The protagonist Peter's ex-girlfriend Sarah Marshall has a television show, "Crime Scene: Scene of the Crime" in the comedy "Forgetting Sarah Marshall." "Crime Scene" is an hilarious exaggeration of the overuse of puns and mind-bending catch phrases on crime scene shows. In the clip from the show that Peter ends up having to watch on his way to Hawaii, Detective Hunter Rush has a very unique answer to why there is an excessive amount of blood on the victim, "He was either stabbed in the aorta or it was his time of the month." Who says a little period humor can't lighten the mood at a crime scene? You can watch the clip here.

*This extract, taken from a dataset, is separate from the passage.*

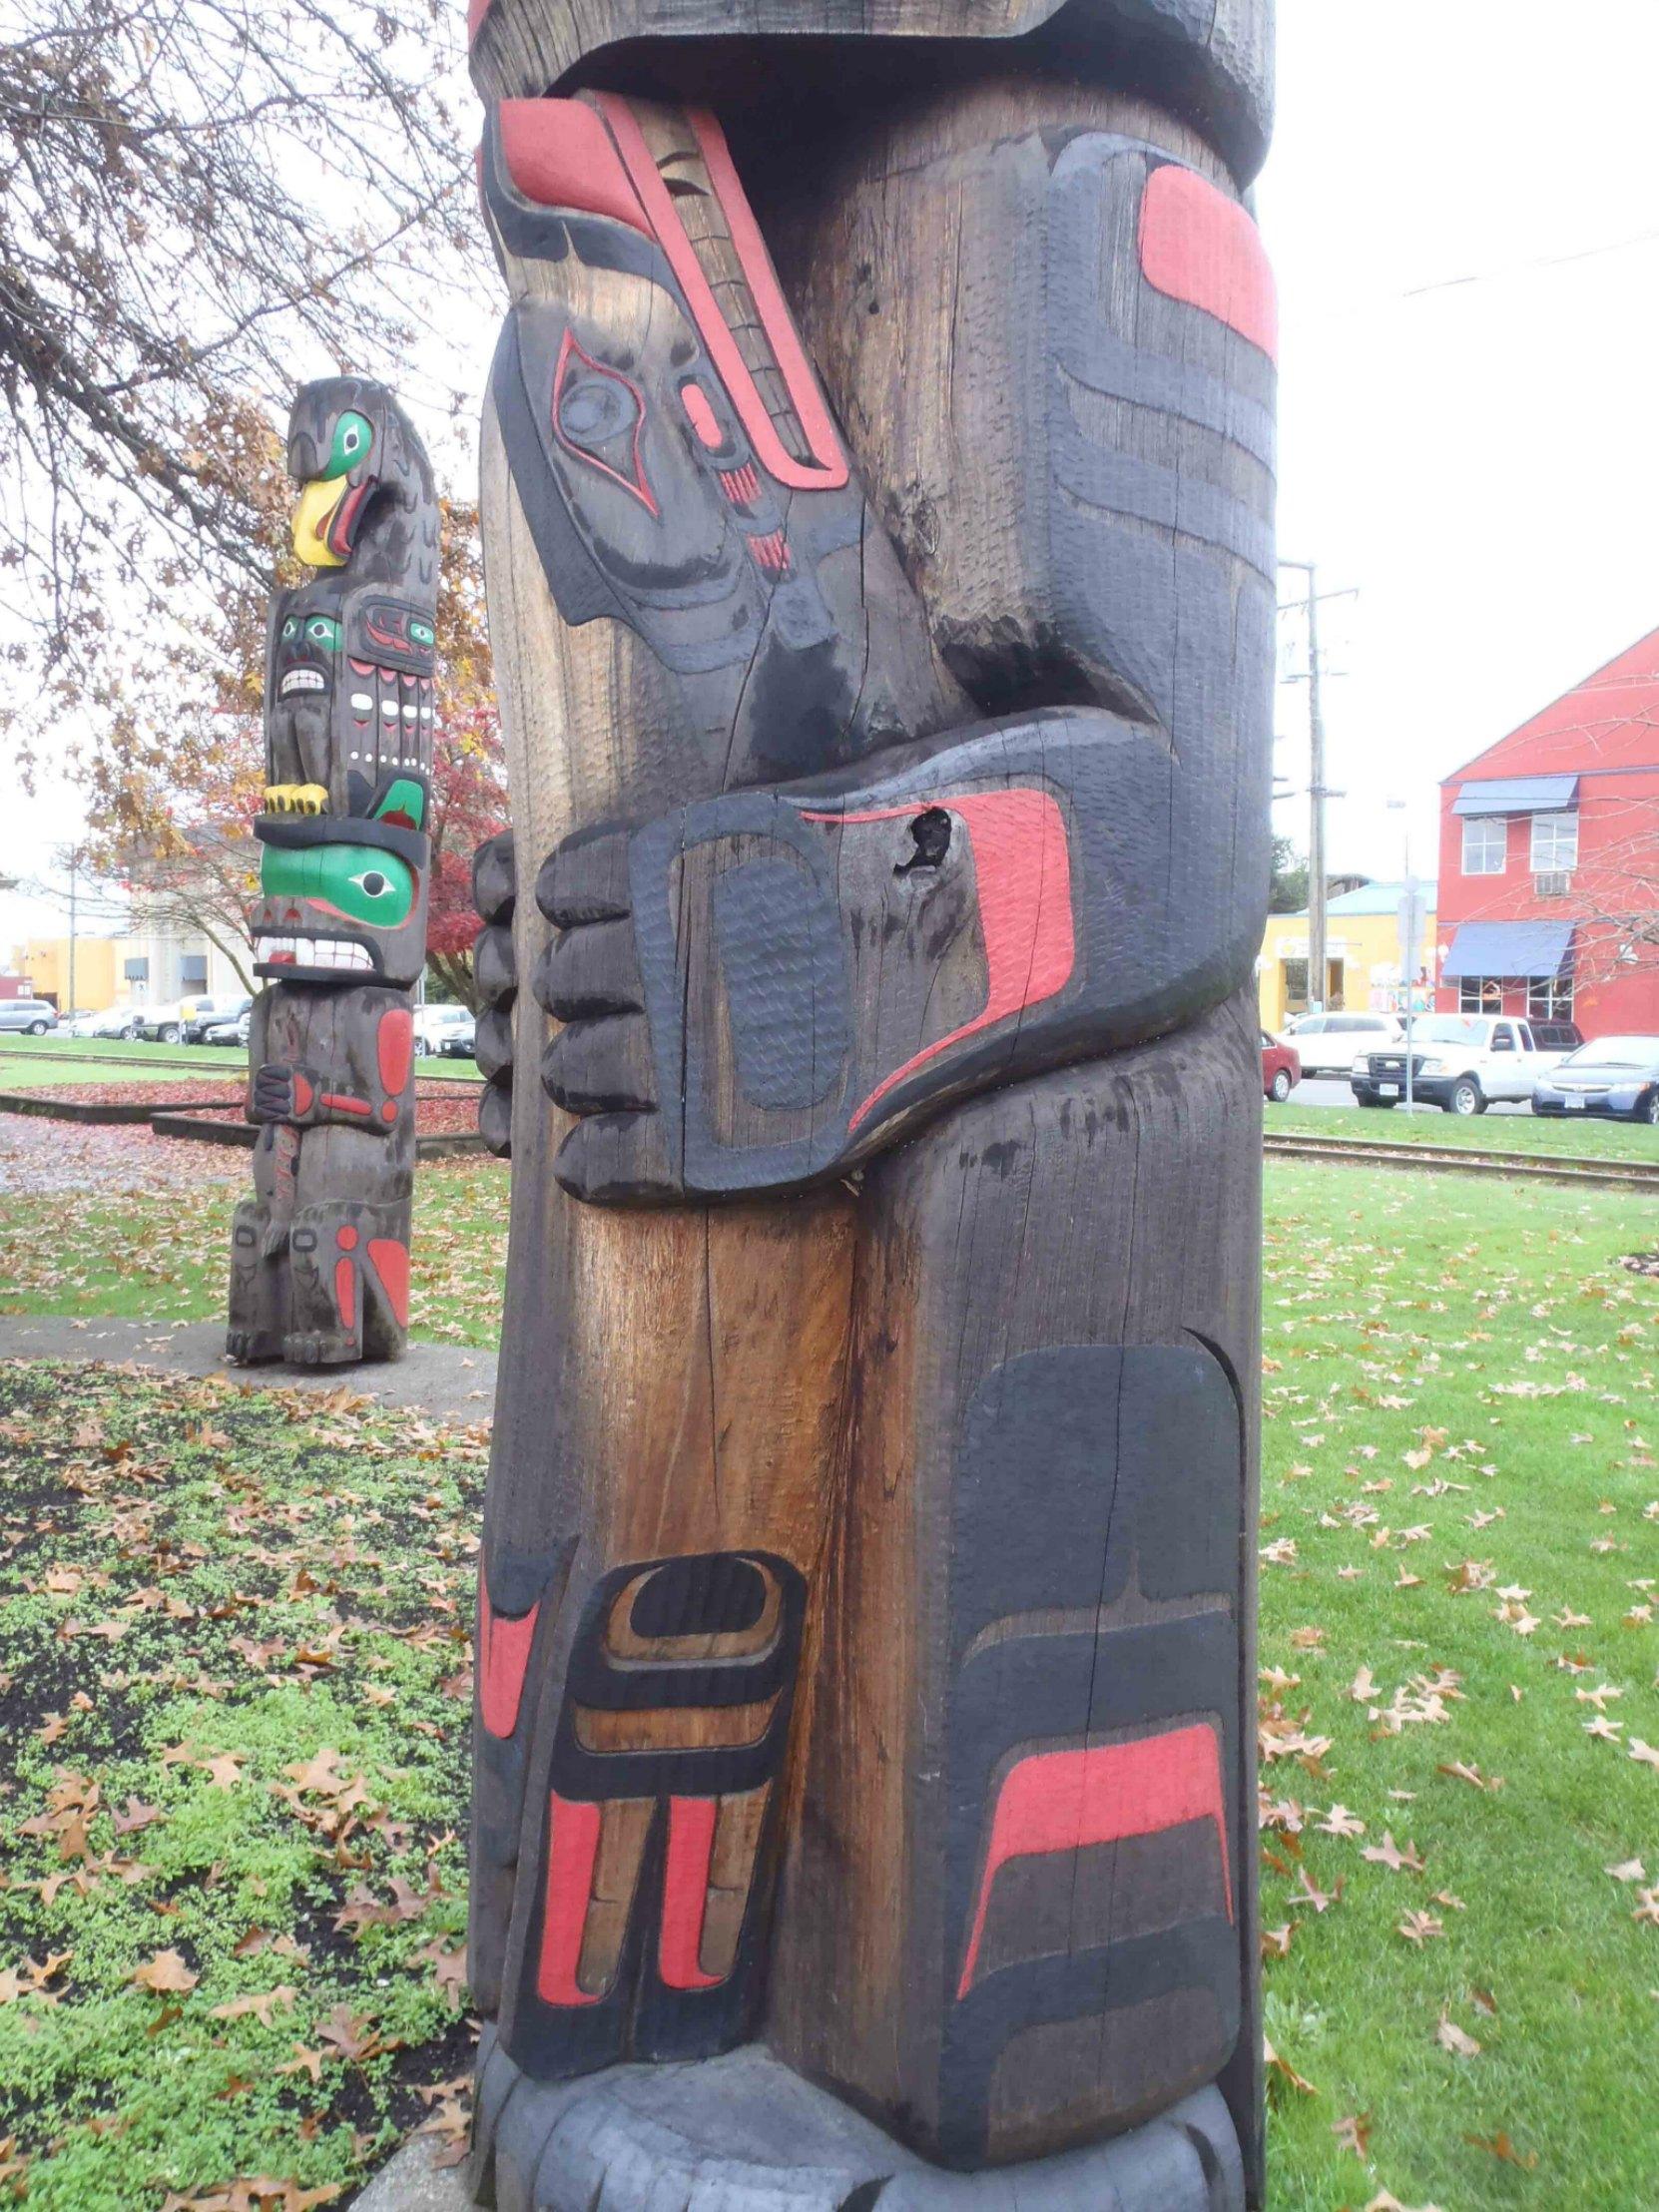 Kwagu'l Bear Holding A Seal, Seal figure, Charles Hoey Park, Canada Avenue, Duncan, B.C.

(Start watching from 3:10) The Canadian movie "Ginger Snaps" revolves around the high school experiences of two outcast sisters. In addition to dealing with sex, parents and the general pain of being 16, Bridgette and Ginger have to deal with another challenge: Ginger gets bitten by a wild animal and gradually transforms into a werewolf. As if this isn't enough to deal with, she gets her period. When Ginger realizes that she got her period for the first time (as they are trying to remove a dog's dead body) she says, "B, I just got the curse" to her sister who is 15 and also hasn't had her first period."Ew," Bridgette replies, apparently more grossed out by this news than the carcass in her hands. "Curse" fits nicely with the supernatural elements of the movie, but drawing a parallel between menstruation and becoming half animal probably doesn't send the best message out of context.
It's not surprising to see menstruation included in "Juno," a movie that revolves around a young woman's first sexual experience, childbirth and motherhood. In one of the scenes, Paulie and Juno end up being lab partners with a rather tense couple. After the girl declares that she has a "menstrual migraine," they get into an argument with her boyfriend who says, "Call me when you get off the rag!" Seeing a teenager use such a dated term and Juno's expression when she hears it together make this one of Hollywood's unforgettable period euphemism moments. Watch it here.
In the recent romantic comedy "No Strings Attached," Emma and her roommates share a menstrual cycle and a "girl's night in" where there is no shortage of ice cream or cramps. Her friend (with benefits) Adam pays the apartment a visit and lends the women an understanding ear. "It's like a crime scene in my pants," says roommate Patrice as she lays on the floor. But Adam hasn't arrived at the party empty-handed; he brings a "period mix" for Emma that has songs such as "Red Red Wine," "Evenflow," and "Sunday Bloody Sunday."